Our Approach > WCL Process > Discovery

“Water Cooler plugged me into a ‘network of networks’ ”— Case Manager and Patient Transfer Coordination supervisor, VA hospital

Many participants in WCL projects express that an important side effect of discovery visits is how they get plugged to an array of networks. Having met and talked with a wide range of staff, they are better positioned to call on a person when needed and get ready help. As a ‘communications’ enhancement process at the operations level, WCL harnesses networks and communities of practice to positive ends.

Where is everybody? What do they do? In large scale organizations, the ‘natives’ are staff working “elsewhere” in the organization, perhaps in another facility in another city or building; sometimes on another floor or just down another hallway. Location matters. It influences greatly the amount of informal interaction among staff.

Just as significant as physical location and the distances it creates is what we call social distance: the degree to which staff interact with others in units and communities of practice other than their own. WCL connects and re-aligns key staff in these nearer or farther groups on a more direct, peer-to-peer basis.


 

WCL Discovery is about looking with fresh eyes at what people do in their jobs and listening carefully to what they say about their work.

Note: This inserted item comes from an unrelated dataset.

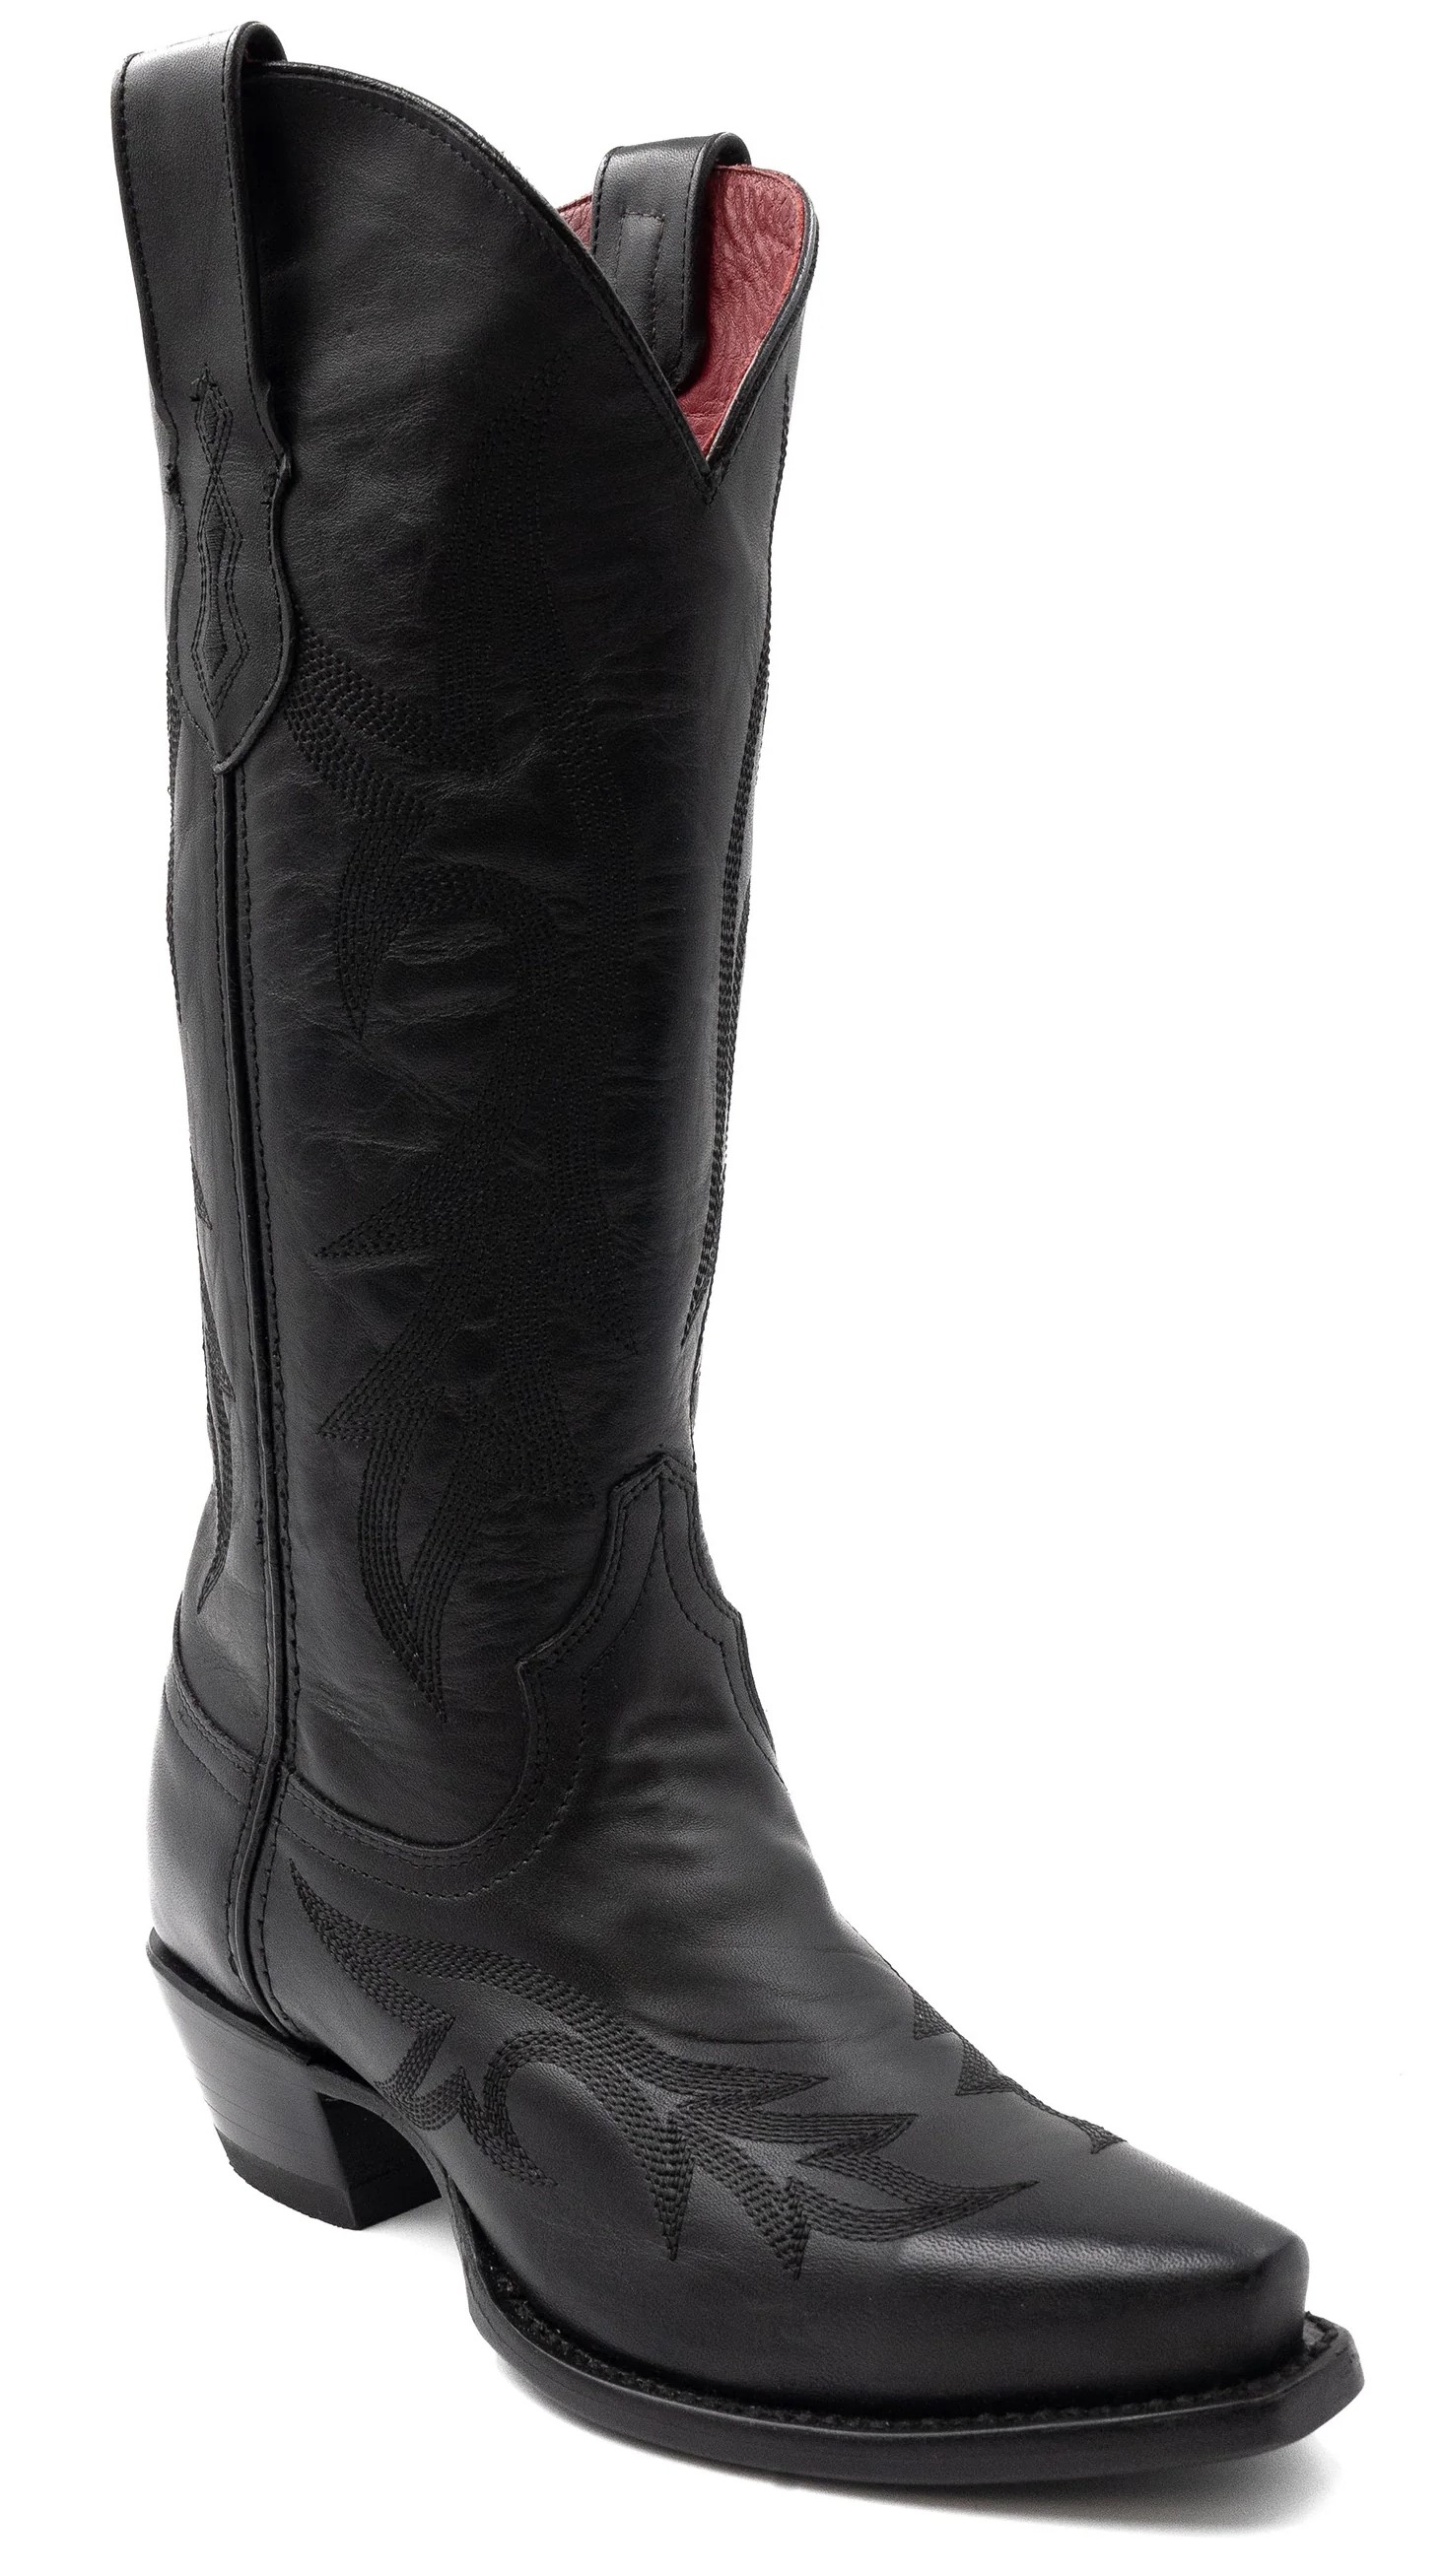 Ferrini Ladies "Scarlett" Black Full Grain Leather Snipped Toe Cowgirl Shoes 84261-04

We bring team members up to speed on the basics of ethnographic interviewing and observation methods, and skill in using them. These methods developed within cultural anthropology as a way of seeing and hearing from the “native” or “locals” points of view. They include skills that help render the routine and familiar unfamilar again, which greatly aides in seeing and hearing with fresh eyes and open ears.

WCL Discoveries feature:

  • Open-ended, informal interviewing and in-site observation skills
  • Work practice analysis skills (to be used extensively in Co-Design)
  • Conceptual skills in helping to understand complex organizations in new, helpful ways, including concepts such as communities of practice and local knowledge, culture in organizational settings.

WCL Discovery is an active, emergent event, with far more elements of an investigation than a survey (which it is not). It goes where it needs to go, guided by what the team is learning. During the visits, there is time for comparing notes, amending and revising questions, and discovering other people who should be included in the conversation.

WCL Discovery contributes a realistic, helpful base from which to consider changes or performance improvements in Co-Design. The kinds and amounts of vital, detailed information relevant to the change effort that Discovery turns up regularly astonishes everyone.

WCL Discovery also exercises vital communities of practice and networks of staff, and thus builds organizational knowledge in diverse parts of your organization. All of which is great for the long haul.